Bis 1978 stand unweit vom Standort der heutigen Kapelle eine Wegekapelle, die in den Hessenpark bei Neu-Anspach (Hochtaunuskreis) versetzt wurde und dort als „typisches Beispiel für das religiöse Leben des katholischen Fuldaer Landes“ besichtigt werden kann.[1]
Geographische Lage
[Bearbeiten | Quelltext bearbeiten]Die Siebenschläferkapelle befindet sich rund einen Kilometer südsüdwestlich von Weyhers und etwa 70 m südlich der Landesstraße 3258 nahe dem Abzweig eines Fahrweges nach Rödersbach, einem Weiler des Ebersburger Ortsteils Ebersberg. Sie steht auf etwa 373 m ü. NHN[2]. Die L 3258 verbindet an dieser Stelle den Ortsteil Weyhers mit dem Ortsteil Ried; von ihr zweigt etwas südsüdwestlich der Kapelle die Kreisstraße 48 ab, die zum zwischen Ried und dem Ebersburger Ortsteil Schmalnau gelegenen Ebersburger Weiler Götzenloch führt.

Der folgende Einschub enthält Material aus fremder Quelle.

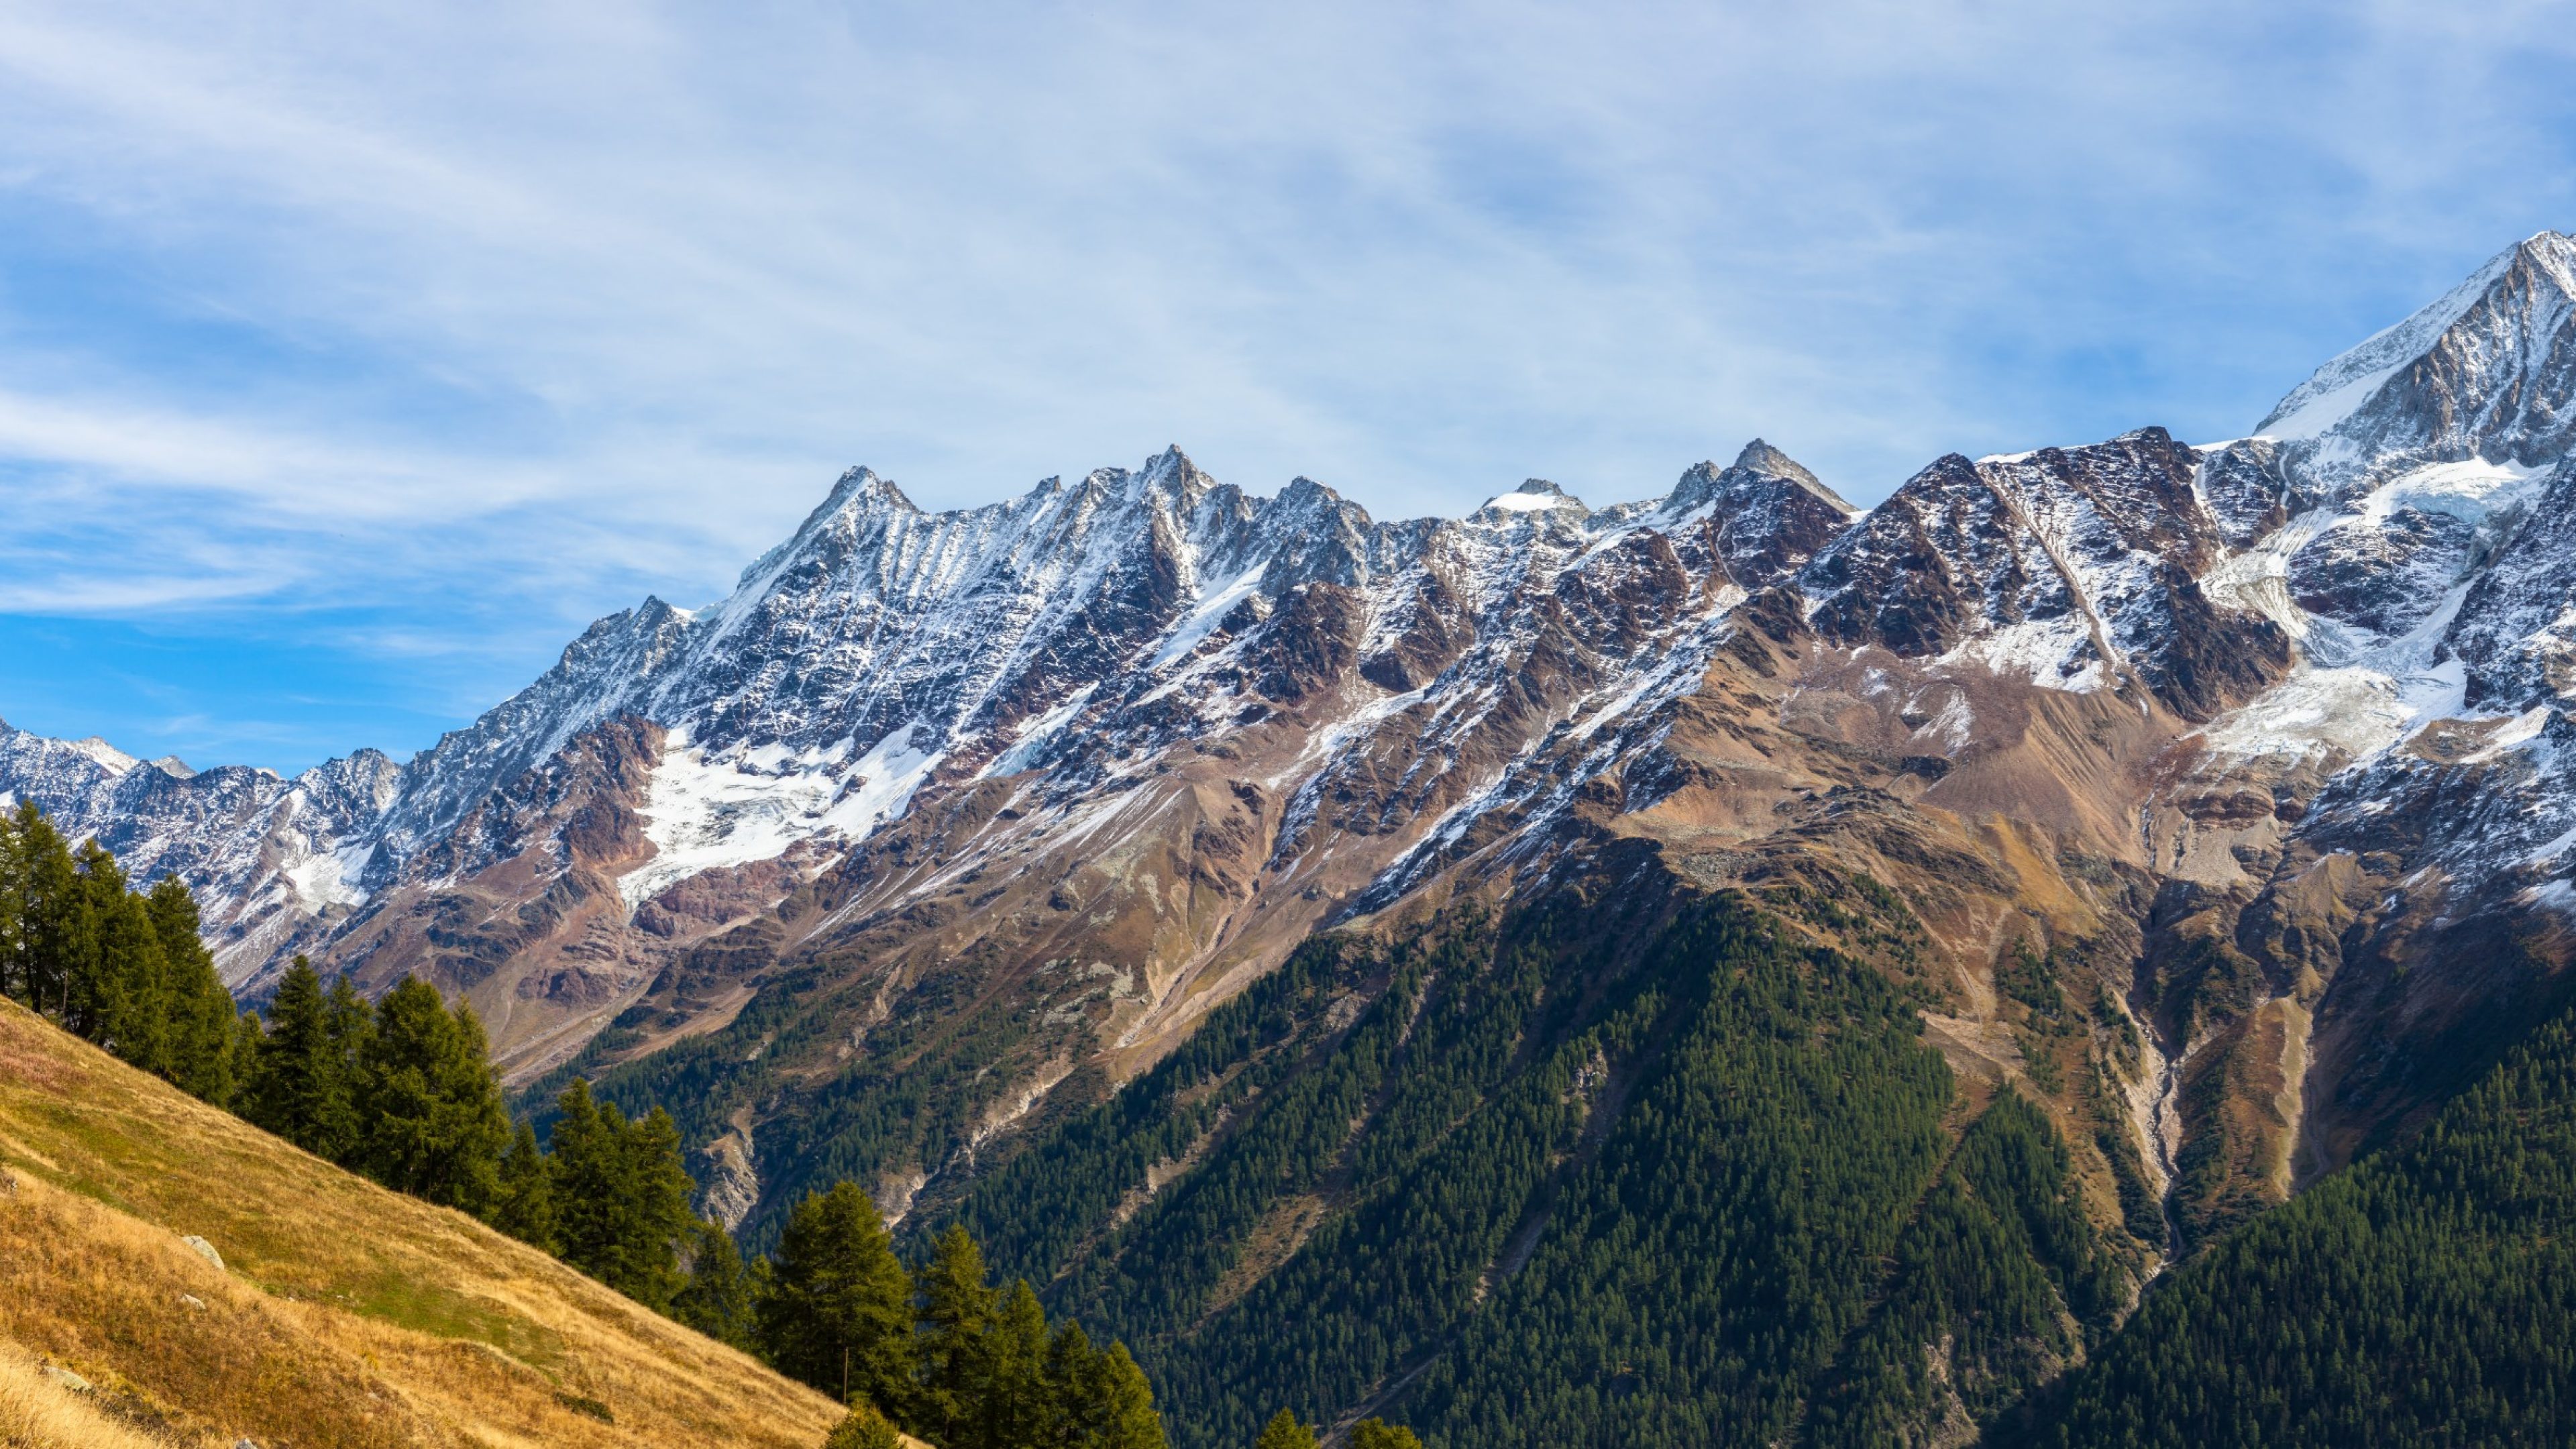 Panorama view of the Bietschhorn and mountain range of alps in canton of Valais from the hiking path above the Loetschental valley, Switzerland.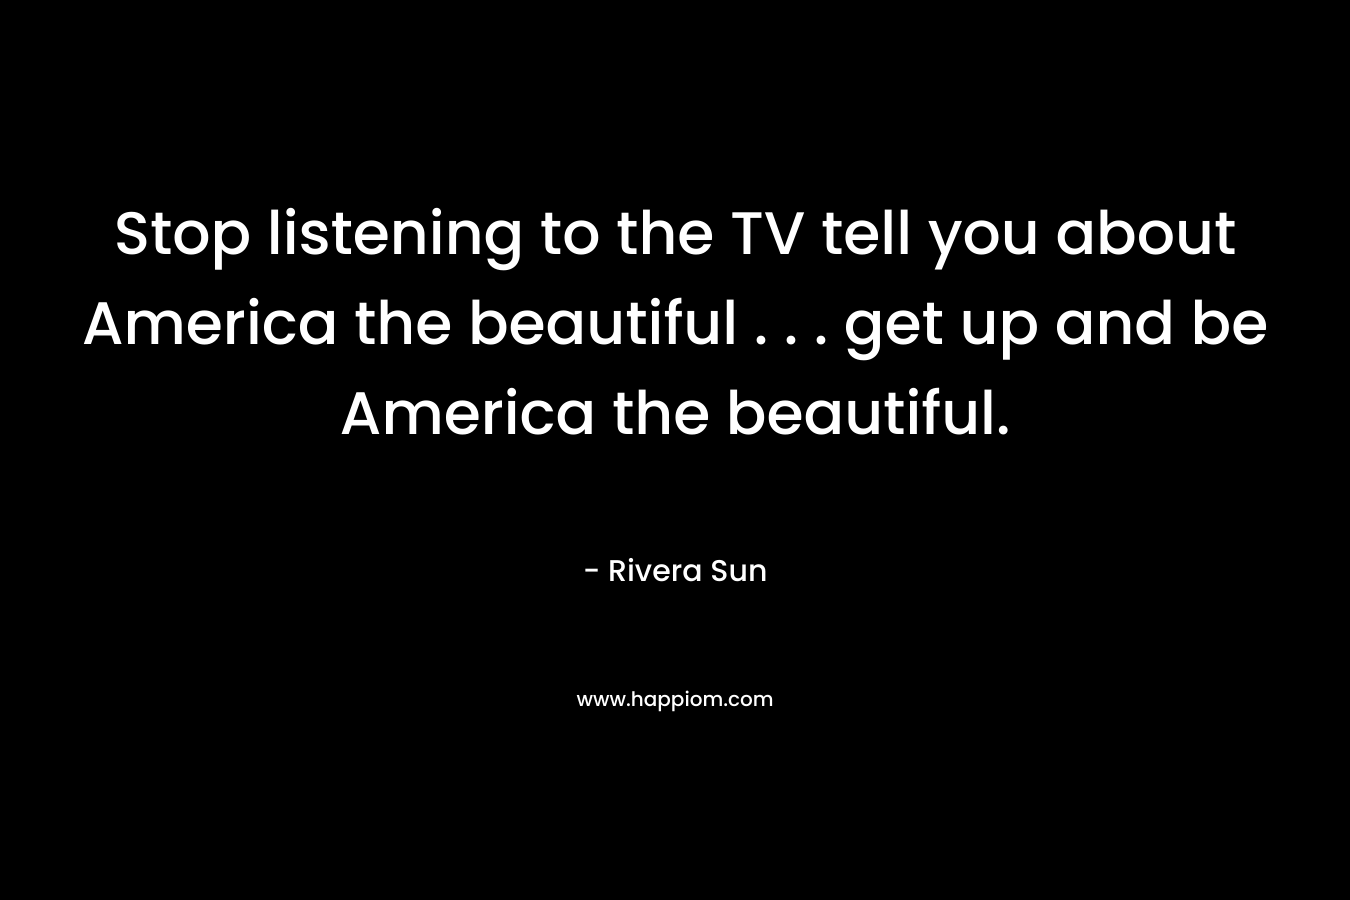 Stop listening to the TV tell you about America the beautiful . . . get up and be America the beautiful.

Der Standort der ursprünglichen (einleitend genannten) Wegekapelle befand sich etwa 100 m westsüdwestlich der heutigen Kapelle und lag nach einem Ausbau der L 3258 direkt an der Straße. Er ist heute noch deutlich zu erkennen, da die dortigen Lindenbäume als Naturdenkmal eingestuft wurden und somit den heute leeren Platz weiterhin markieren. Der Standort lag so nahe an der Straße, dass bis heute noch der Entwässerungsgraben der Straße um das einstige Kapellengelände geleitet wird.
Wegekapelle
[Bearbeiten | Quelltext bearbeiten]Geschichte
[Bearbeiten | Quelltext bearbeiten]Der Legende nach wurde die Wegekapelle zum Dank dafür errichtet, dass die mordenden und sengenden Schweden im Dreißigjährigen Krieg (1618–1648) an dieser Stelle umkehrten, weil sie aufgrund eines sieben Tage dauernden dichten Nebels auf die kurze Entfernung Weyhers nicht sehen konnten. Dieses wurde deshalb vor Plünderung verschont. Die Entstehung lässt sich auf 1643 datieren. Erwähnung fand das Heiligenhäuschen (mundartlich Heiligehüse) genannte Gebäude 1676, 1714, 1719 und 1810 in verschiedenen Güterbeschreibungen.[3]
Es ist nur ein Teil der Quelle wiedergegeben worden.